AI datacenters often have a very limited UPS system. In this case, the datacenter just stops working, if the main power source fails. Which, funny enough, isn’t that big of a deal for training runs, as the GPUs already introduce somewhat frequent failures. When the power goes out, you can simply continue the training run when it comes back. And I’m really just scratching the surface here. No matter if compute, connectivity,

cooling or power, there’s so much more depth to it. Most of what we just covered is based on the amazing datacenter anatomy series from SemiAnalysis, which covers every aspect of a modern AI datacenter in great detail. If you want to know how the power stage of a massive AI datacenter really works, or what’s required to make a datacenter ready for liquid cooling,

I highly recommend that you check out the articles I’ve linked in the video description below. I’ve been a SemiAnalysis subscriber for long before we started collaborations like this one, and it’s definitely worth the money. But the secret is that like 80% of a SemiAnalysis article is not behind a paywall. That’s how they got me. For every topic I researched I found a super detailed article from SemiAnalysis that actually explained how the industry works in a

digestible way. Even without a subscription it’s a top tier resource. And with a subscription it only gets better. I mean it in the sincerest way. If you are even somewhat interested in the semi space and AI datacenters, check out the links and read the articles. It’s so worth it. Now that we have learned all about AI datacenters and how they are nothing like a traditional datacenter, let’s get back to our mystery field in Temple, Texas. Why did

Meta start building a new datacenter only to tear it down half way through construction? As a quick refresher: construction started in mid-2022 and progressed until at least the end of 2022, but by April of 2023 the entire construction site was flattened. What could have happened during that time, which led to Meta making such a radical move? The brainiacs among you might have already figured out that this timeline aligns almost

perfectly with the release of ChatGPT in November of 2022. So, is that our answer? Did Meta start building a traditional datacenter and realized half way through the construction that it was outdated? Well, kind of. But it’s even more radical than that. The initial construction site was for Meta’s tried and tested H-type datacenter.

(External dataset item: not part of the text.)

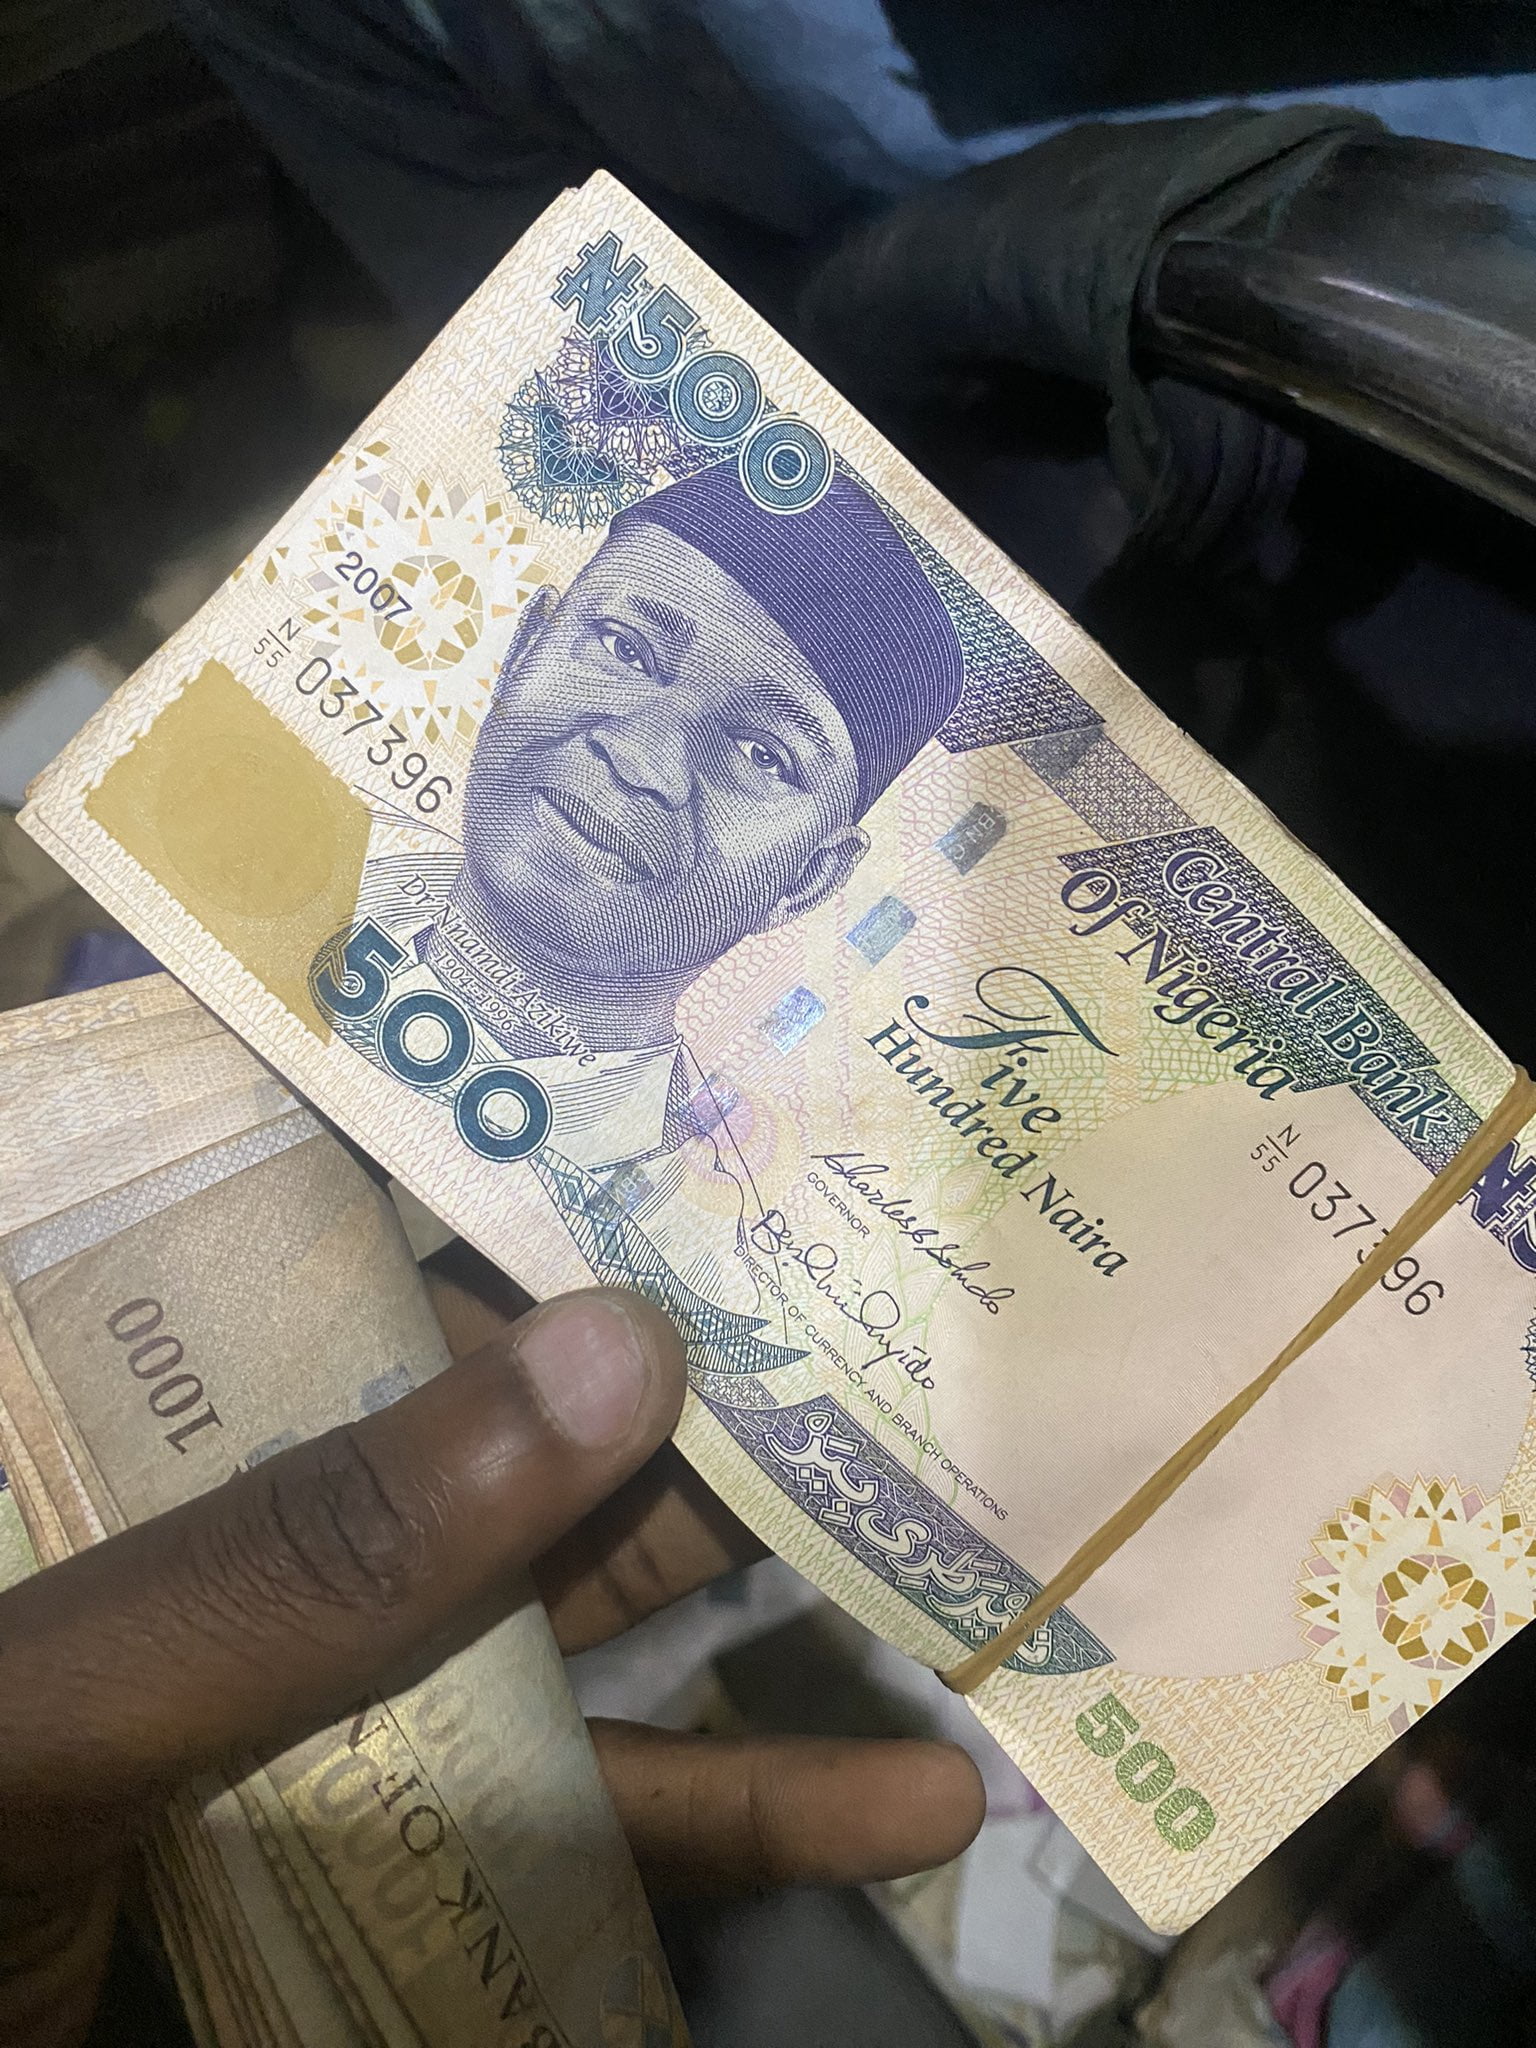 Nigerians react as over 15 year old Naira notes begin to resurface following CBN announcement [photos]

It’s called that because the final shape of the datacenter looks like

the letter “H”. If we actually take a closer look at the satellite images, we can see that the initial build would have looked like an H if it was finished. Many of these H-type datacenters are used in a more traditional datacenter role, filled with CPUs and hard drives. But while it was designed for maximum energy efficiency, Meta”s H-type datacenters are already capable of running GPUs. Meta has a massive Nvidia Hopper

based AI cluster that combines 100,000 H100 GPUs across multiple of the same H-type datacenters. So Meta was already building an AI capable campus in Temple. But it wasn’t offering a high enough energy density to stay competitive. That's how fast the industry is moving. Even AI datacenters that are built on a very fast

timeline can become outdated during construction. The story has a happy end – at least for Meta. If you look at the most recent satellite images from 2025, we can see that our little field in Temple now houses not one, but two AI datacenters. This is Meta's new high-density design, with each building providing about 85 megawatts for a combined critical IT power of 170 megawatts.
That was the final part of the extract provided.